Common Misconceptions

  • "We can fully interpret large language models today": Current mechanistic interpretability captures a fraction of model behavior. We can identify individual features and small circuits, but fully mapping the computational structure of a 100B+ parameter model remains far beyond current capabilities.
  • "Neurons are the right unit of analysis": Individual neurons are typically polysemantic (responding to multiple unrelated concepts). Features -- directions in activation space -- are the more natural unit, which is why sparse autoencoders are necessary.
  • "Interpretability means we can explain every output": Even with perfect feature extraction, the combinatorial complexity of how features interact makes full explanation of arbitrary outputs intractable. The goal is understanding classes of behavior and detecting specific concerning patterns.
  • "Probing and mechanistic interpretability are the same thing": Probing trains classifiers on model activations to detect information, showing what information is available. Mechanistic interpretability aims to show how the model uses that information causally -- a much stronger claim.
  • "This is only relevant for safety researchers": Mechanistic interpretability insights have practical applications in model editing, debugging, improving training, and understanding failures -- relevant to any practitioner.

Connections to Other Concepts

  • transformer-architecture.md: Mechanistic interpretability requires detailed understanding of attention heads, MLP layers, layer normalization, and the residual stream to trace computations.
  • rlhf.md: Interpretability provides a verification tool for alignment -- checking whether RLHF has genuinely aligned a model's reasoning or merely taught it to produce aligned-looking outputs.
  • matryoshka-representation-learning.md: Features in mechanistic interpretability are the specific representations the model has learned. Understanding feature geometry is central.
  • 03-ai-safety-and-governance.md: The primary motivation for much interpretability research.
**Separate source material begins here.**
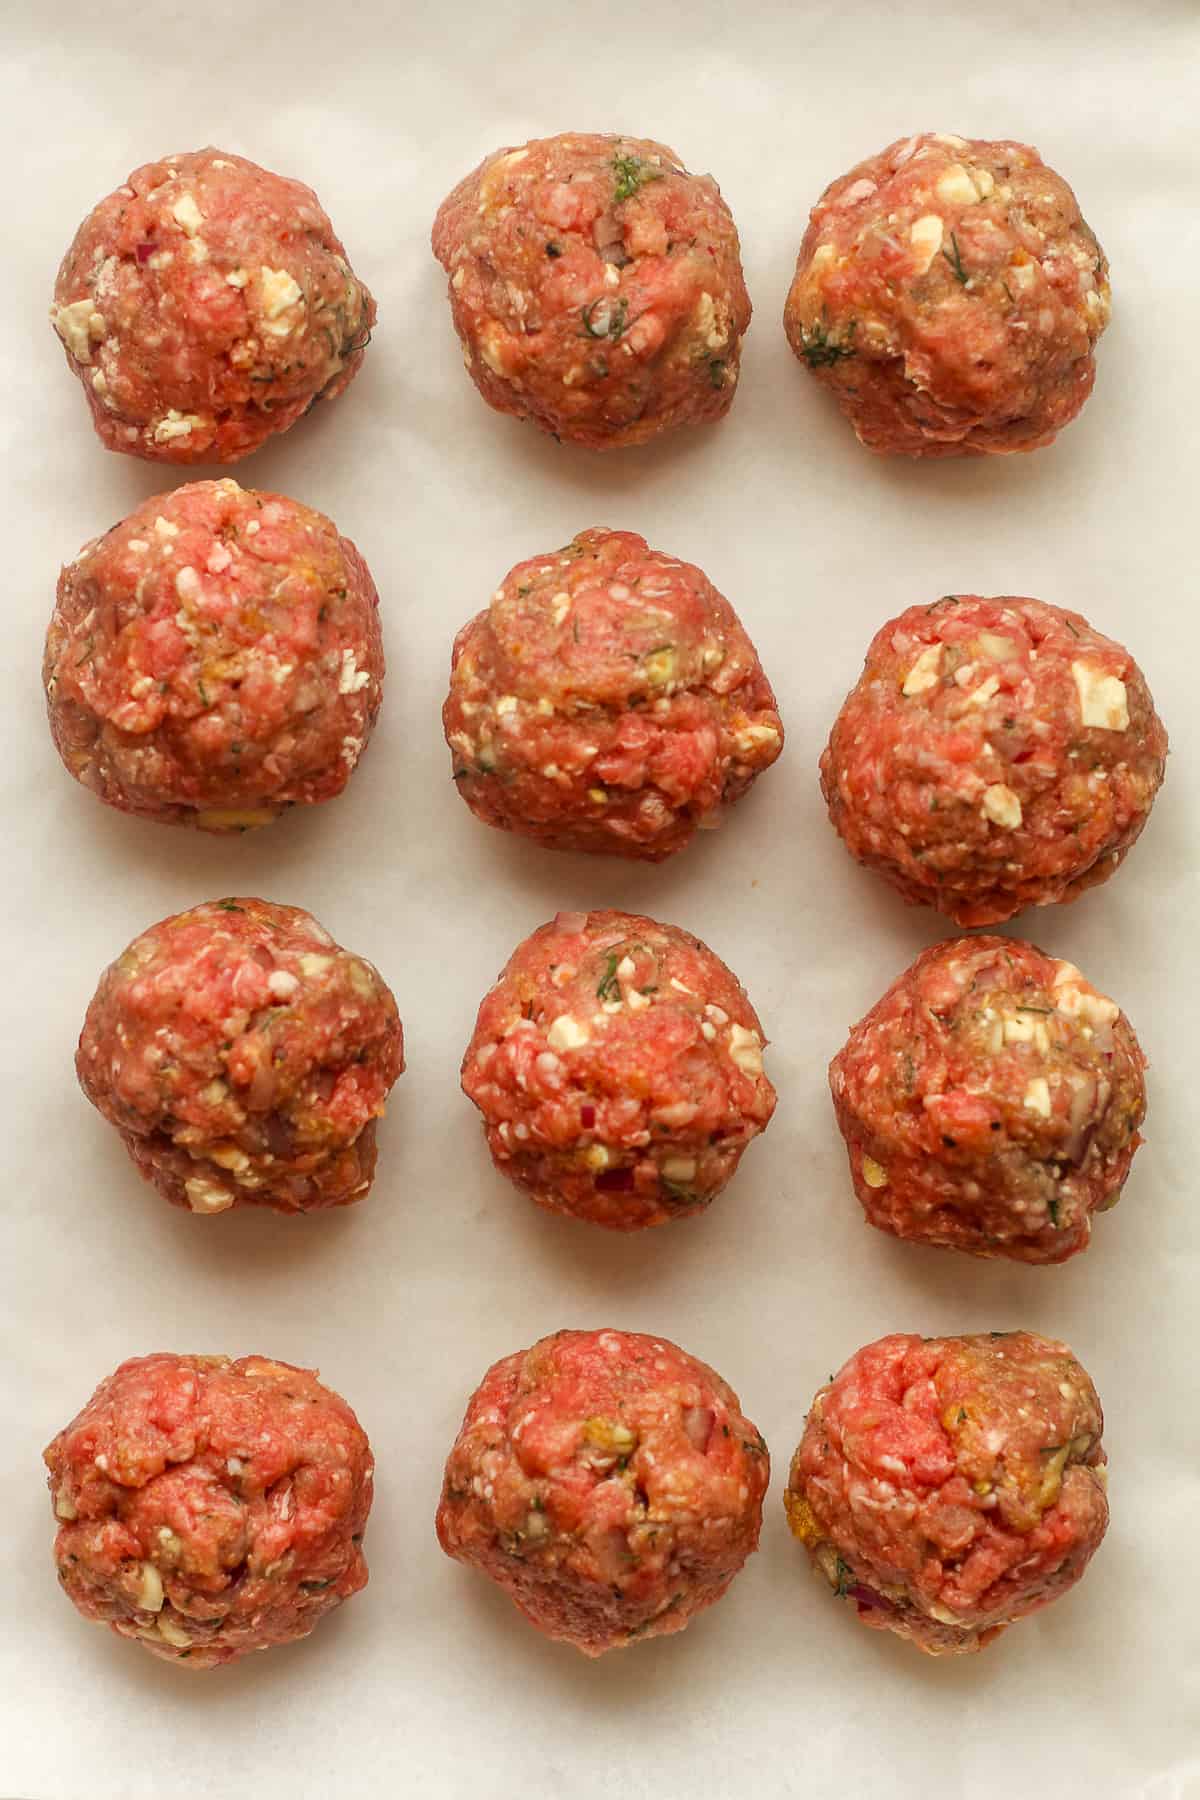 12 raw lamb meatballs on parchment paper.

Detecting deception, power-seeking, and value misalignment all require understanding internal computations.
  • Model Editing: Once circuits are identified, targeted editing (activation patching, feature clamping) can modify specific behaviors without retraining.
  • Neuroscience: The methodology draws parallels to neuroscience -- probing, ablation studies, and circuit mapping are inspired by techniques used to study biological brains.

Further Reading

  • "Toy Models of Superposition" (Elhage et al., 2022): Foundational work demonstrating how and why neural networks represent more features than neurons through superposition, establishing the theoretical basis for the field.
  • "Scaling Monosemanticity: Extracting Interpretable Features from Claude 3 Sonnet" (Templeton et al., 2024): Demonstrates that sparse autoencoders scale to production models, extracting millions of interpretable features from a frontier LLM.
  • "Circuit Tracing: Revealing Computational Graphs in Language Models" (Anthropic, 2025): Maps the causal computational structure connecting features across layers, showing how models implement specific behaviors through identifiable circuits.
  • "On the Biology of a Large Language Model" (Anthropic, 2025): Applies circuit tracing to reveal multi-step reasoning, planning, hallucination mechanisms, and sycophancy circuits in Claude 3.5 Haiku, advancing interpretability from features to full behavioral explanations.
  • "Crosscoders: Learning Shared Features Across Multiple Models" (Lindsey et al., 2024): Introduces shared sparse autoencoders across model versions, enabling comparison of internal representations before and after alignment training.